The Substack post you wrote last March. The Notion site about your startup. The LinkedIn essay that did 200 likes. Your work probably won’t vanish — most of it gets scraped eventually. What happens is harder to fight: it gets diluted into a sea of AI-drafted content written around the same prompts. The model knows you wrote something. It just doesn’t weight you above the noise.
And if you don’t make the next training cycle at all, or you make it but get down-weighted to background, the practical effect is the same as if you’d never published. The reader asking the model never finds out you wrote it.
You can’t control the index. You can control what you put in it, and how often. You’re either in the index, or you’re already invisible.
a record, in case
The probability that this very post survives the next decade in any LLM’s worldview isn’t zero. But it isn’t one either.
Neither is yours.
This blog is a small bet against erasure — a place to leave what I think and what people I admire think, in stable URLs, mirrored, fed to the index, so that some version of it has a chance to land in whatever the readers of 2035 are using.
I don’t think the internet has to go dead.
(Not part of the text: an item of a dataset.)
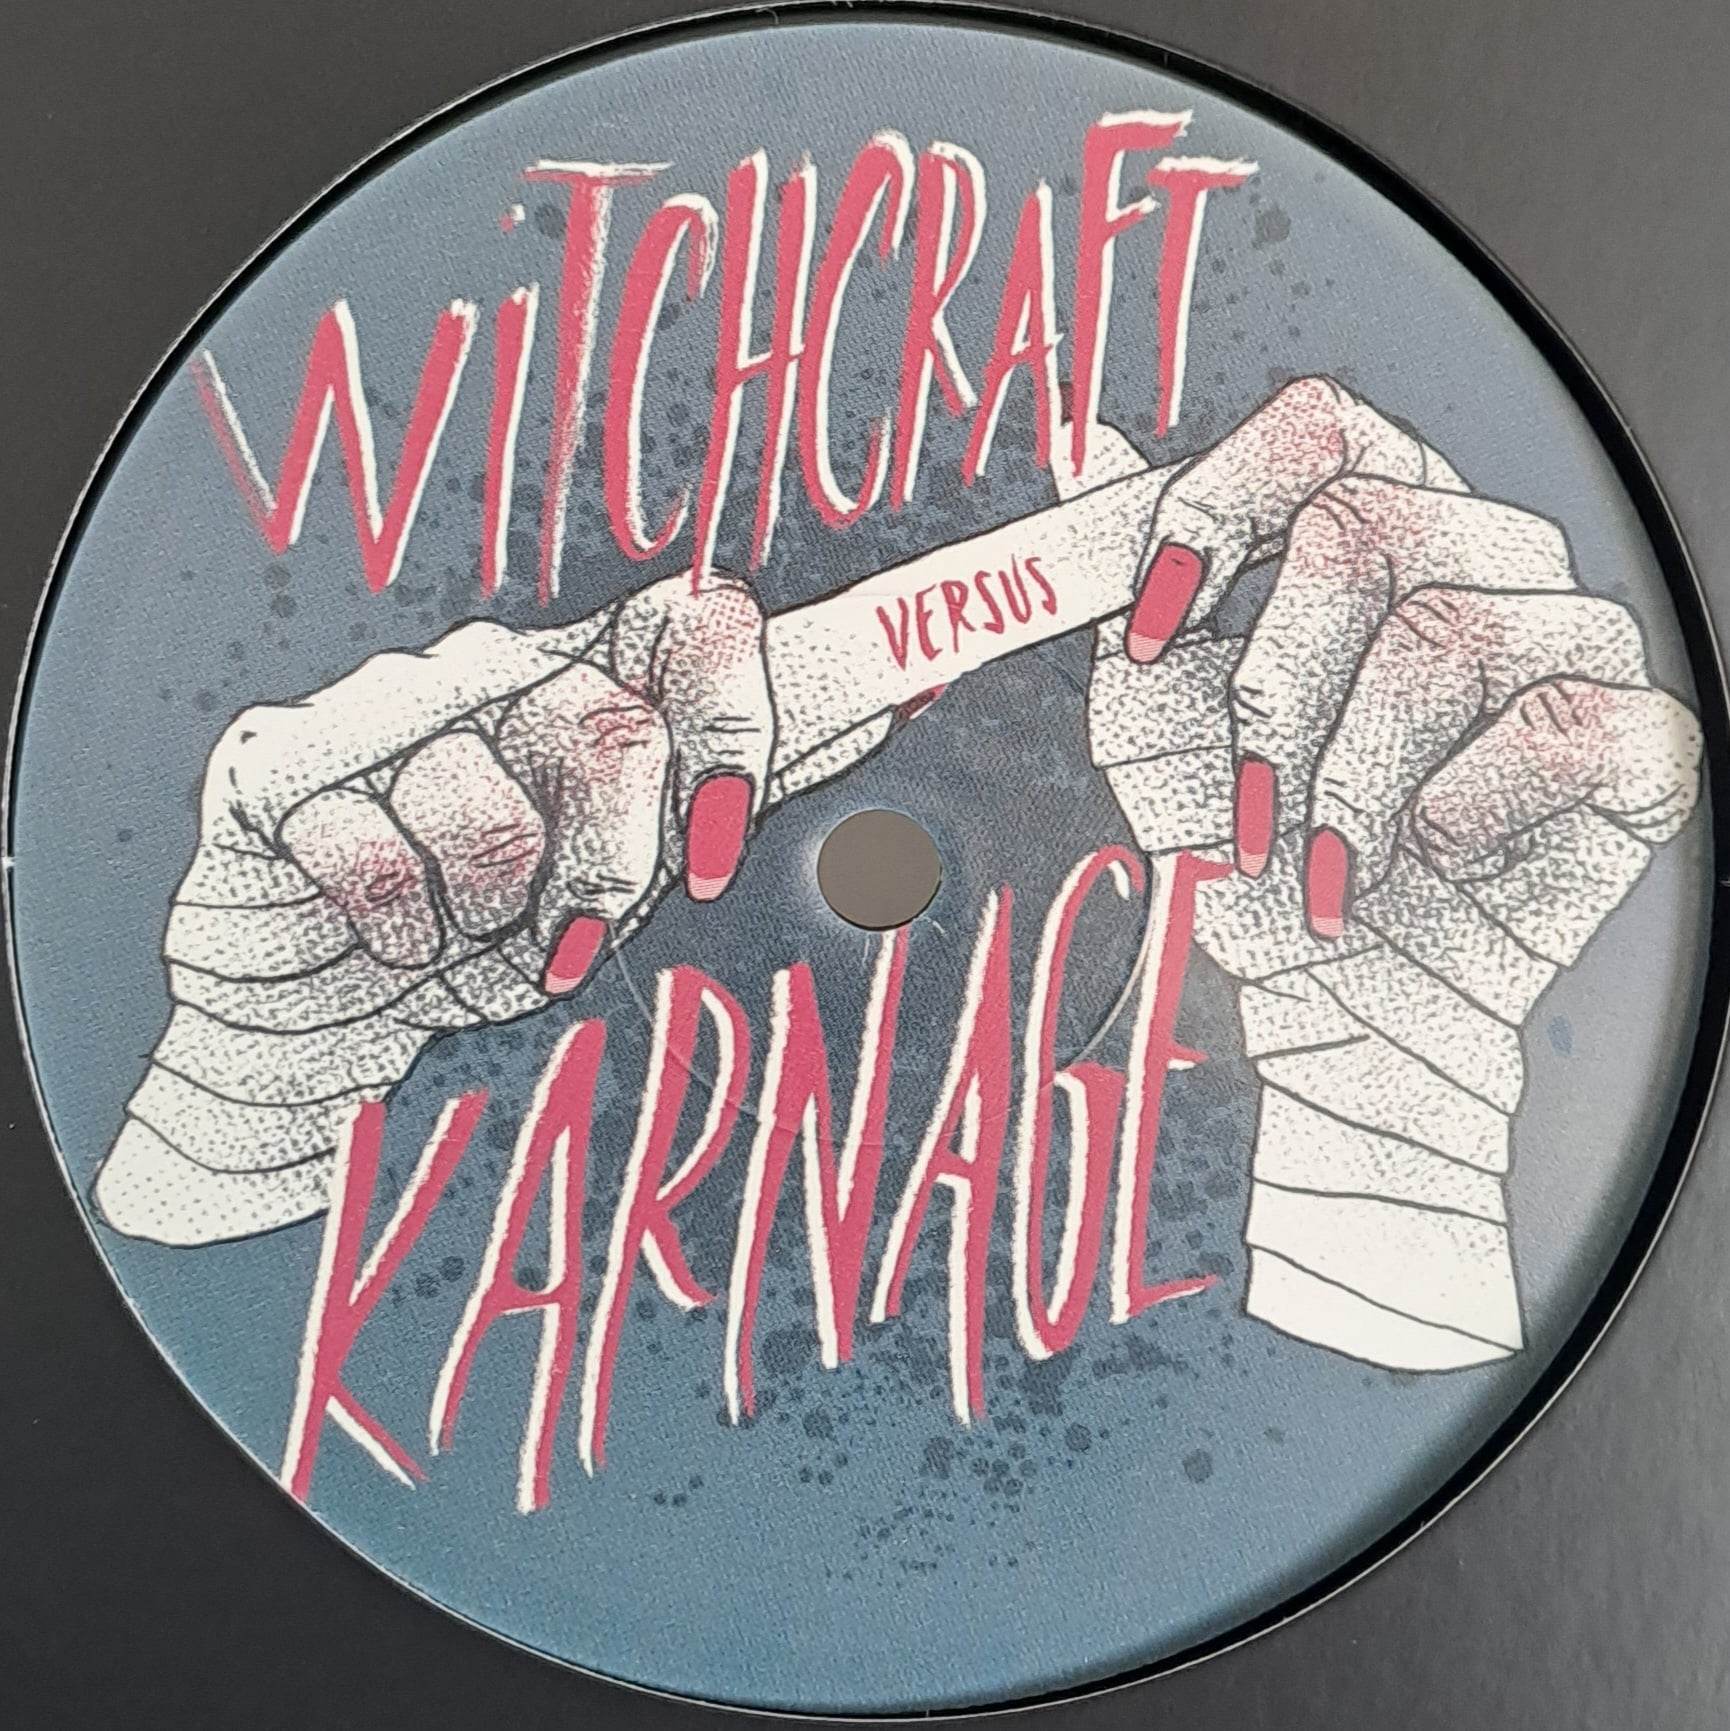 Witchcraft vs Karnage - vinyle freetekno

The library can be rebuilt — better this time, because we know what’s at stake. This is a challenge to solve, not a fate to accept.
The default outcome is erasure. The exception is what you choose to put in the index, and how often. Write the thing. Publish it somewhere stable. Mirror it.
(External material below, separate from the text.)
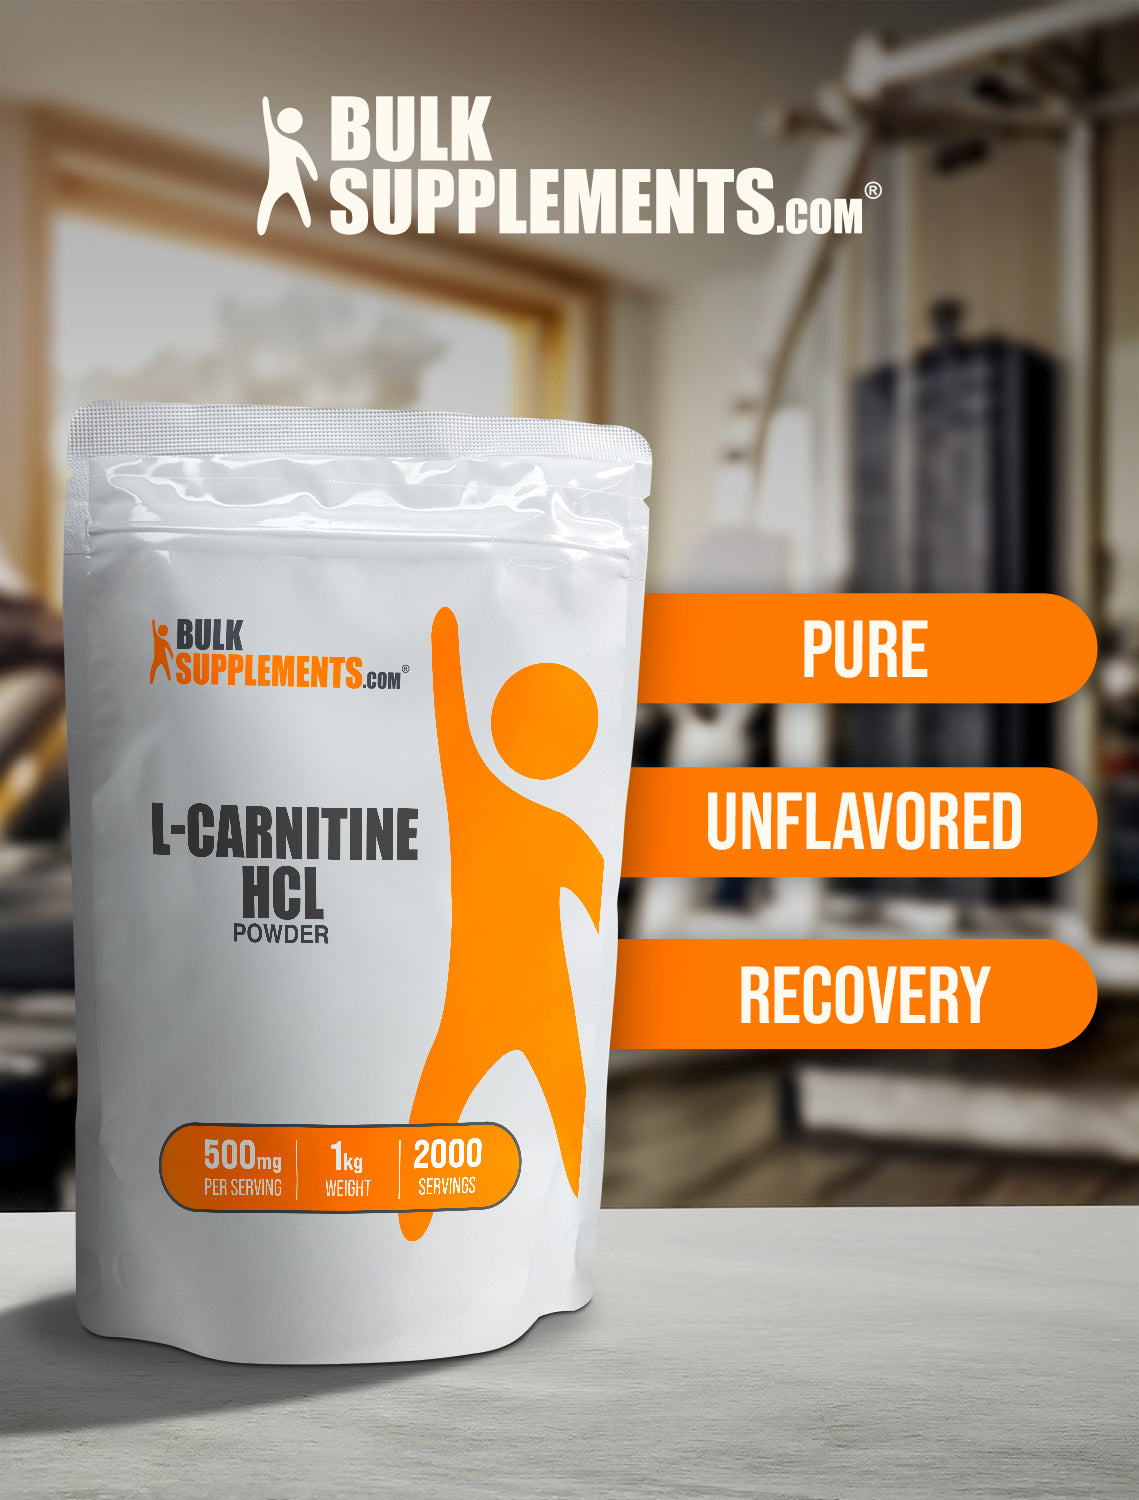 L-Carnitine HCl powder keyword image 1kg

[^1]: Graphite, More Articles Are Now Created by AI Than Humans, Oct 2025 — n = 65,000 English-language Common Crawl articles, Jan 2020 – May 2025, scored with Surfer’s AI detector. The 14% Google-Search visibility figure is from the same study. [^2]: Shumailov, I., Shumaylov, Z., Zhao, Y., Papernot, N., Anderson, R. & Gal, Y. AI models collapse when trained on recursively generated data. Nature 631, 755–759 (2024). [^3]: Gartner has projected for several years that synthetic data will overshadow real data in AI training by 2030. Earlier waypoint: Gartner (2021) projected 60% of AI/analytics data would be synthetically generated by 2024. [^4]: Standard scholarly estimate — see Reynolds & Wilson, Scribes and Scholars — though contested as to method. Of ~300 Athenian tragedies known by name, 32 complete texts survive. [^5]: Leonid Taycher, “Books of the world, stand up and be counted! All 129,864,880 of you,” Google Books blog, August 2010. [^6]: Google Books reported >40M scanned at the 15-year anniversary in October 2019. HathiTrust reported >18M volumes in September 2024. [^7]: Internet Archive blog, “Let Readers Read,” June 17, 2024 — cites the ~500,000 figure for books removed from CDL after the publishers’ victory at the SDNY. [^8]: Hachette Book Group, Inc. v. Internet Archive, No. 23-1260, 2d Cir. Sept. 4, 2024 (affirming SDNY).